The process 500 includes an operation 508 of encoding the first frame of video content, the first point input, and the natural language description of the target object as fused encoding information using a single object tracking pipeline 124. As discussed in the preceding examples, the single object tracking pipeline 124 uses modality-specific encoders to analyze these inputs.

The process 500 includes an operation 510 of tracking the target object with the single object tracking pipeline using the fused encoding information. The single object tracking pipeline 124 tracks the target object in the current frame using the techniques discussed in the preceding examples.

FIG. 6 is an example flow chart of an example process 600 for single object tracking according to the techniques described herein. The process 600 can be implemented by the single object tracking pipeline 124 discussed in the preceding examples.

The process 600 includes an operation 602 of receiving, at a single object tracking pipeline, a request to track a target object from an object tracking application. The request includes a first point input denoting a point on a first frame of video content representing a location of the target object on the first frame of the video content and a natural language description of the target object. As discussed in the preceding examples, a tracking application can be implemented by the native application 114 and/or the web application 190. The tracking application implements a user interface 305 that enables the user to initiate a tracking session. The user interface 305 allows the user to provide a point input that identifies a location of the target object in a frame of the video content and a natural language description of the target object.
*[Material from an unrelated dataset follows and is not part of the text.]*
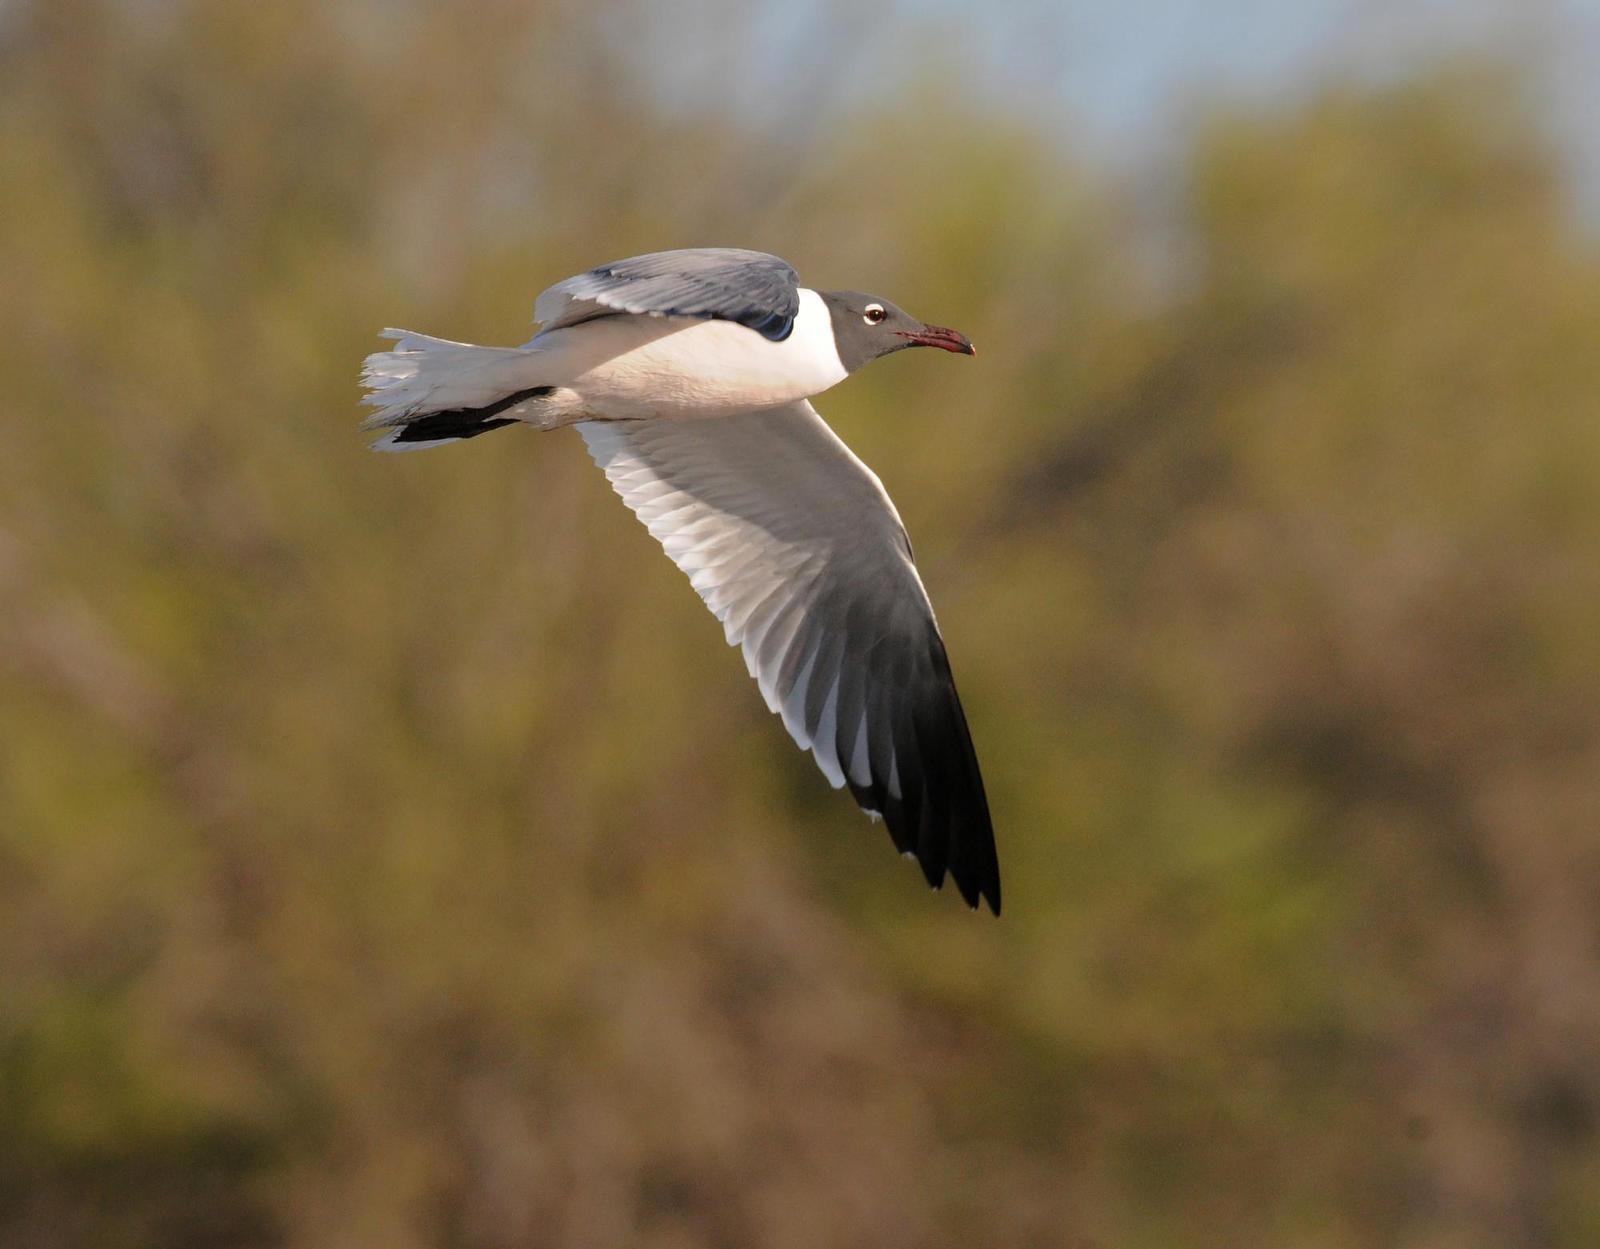 Laughing Gull Photo by Steven Mlodinow

The process 600 includes an operation 604 of encoding the first frame of the video content using an image encoder 206 to obtain image embeddings.

The process 600 includes an operation 606 of encoding the first point input using a click encoder 207 to obtain click embeddings.
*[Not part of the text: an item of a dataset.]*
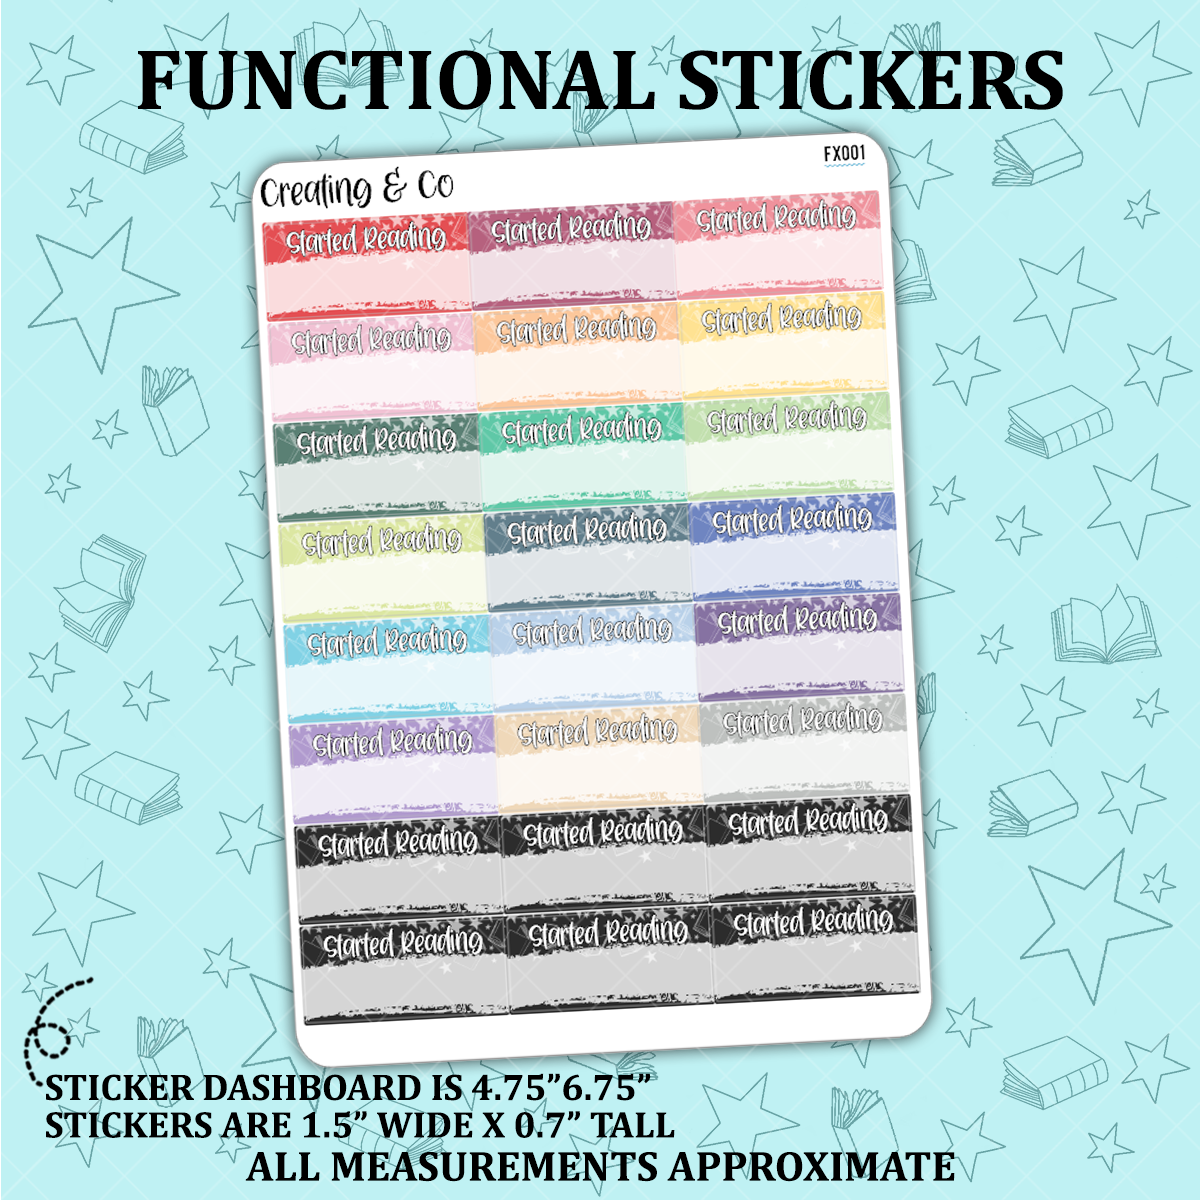 Started Reading Functional Sticker Sheet - FX001

The process 600 includes an operation 608 of encoding the natural language description of the target object using a language encoder 208 to obtain language embeddings.

The process 600 includes an operation 610 of providing the image embeddings, the language embeddings, and the click embeddings as an input to a unified fusion encoder to obtain fused encoding information. The multimodal embeddings are provided as set of encoded inputs 212 to the unified fusion encoder 210. The unified fusion encoder 210 analyzes these embeddings to determine the fused encoding information 218 using the techniques described in the preceding examples.

The process 600 includes an operation 612 of providing the fused encoding information to a unified fusion decoder 240 to obtain bounding box information 250 for the target object. The bounding box information 250 surrounds a predicted location of the target object within the first frame of the video content. As discussed in the preceding examples, the bounding box information 250 can be overlaid on frames of the video content to facilitate tracking of the tracked object. The overlaid video content can be stored in the video content datastore 168 and/or presented on a user interface 305 of the tracking application.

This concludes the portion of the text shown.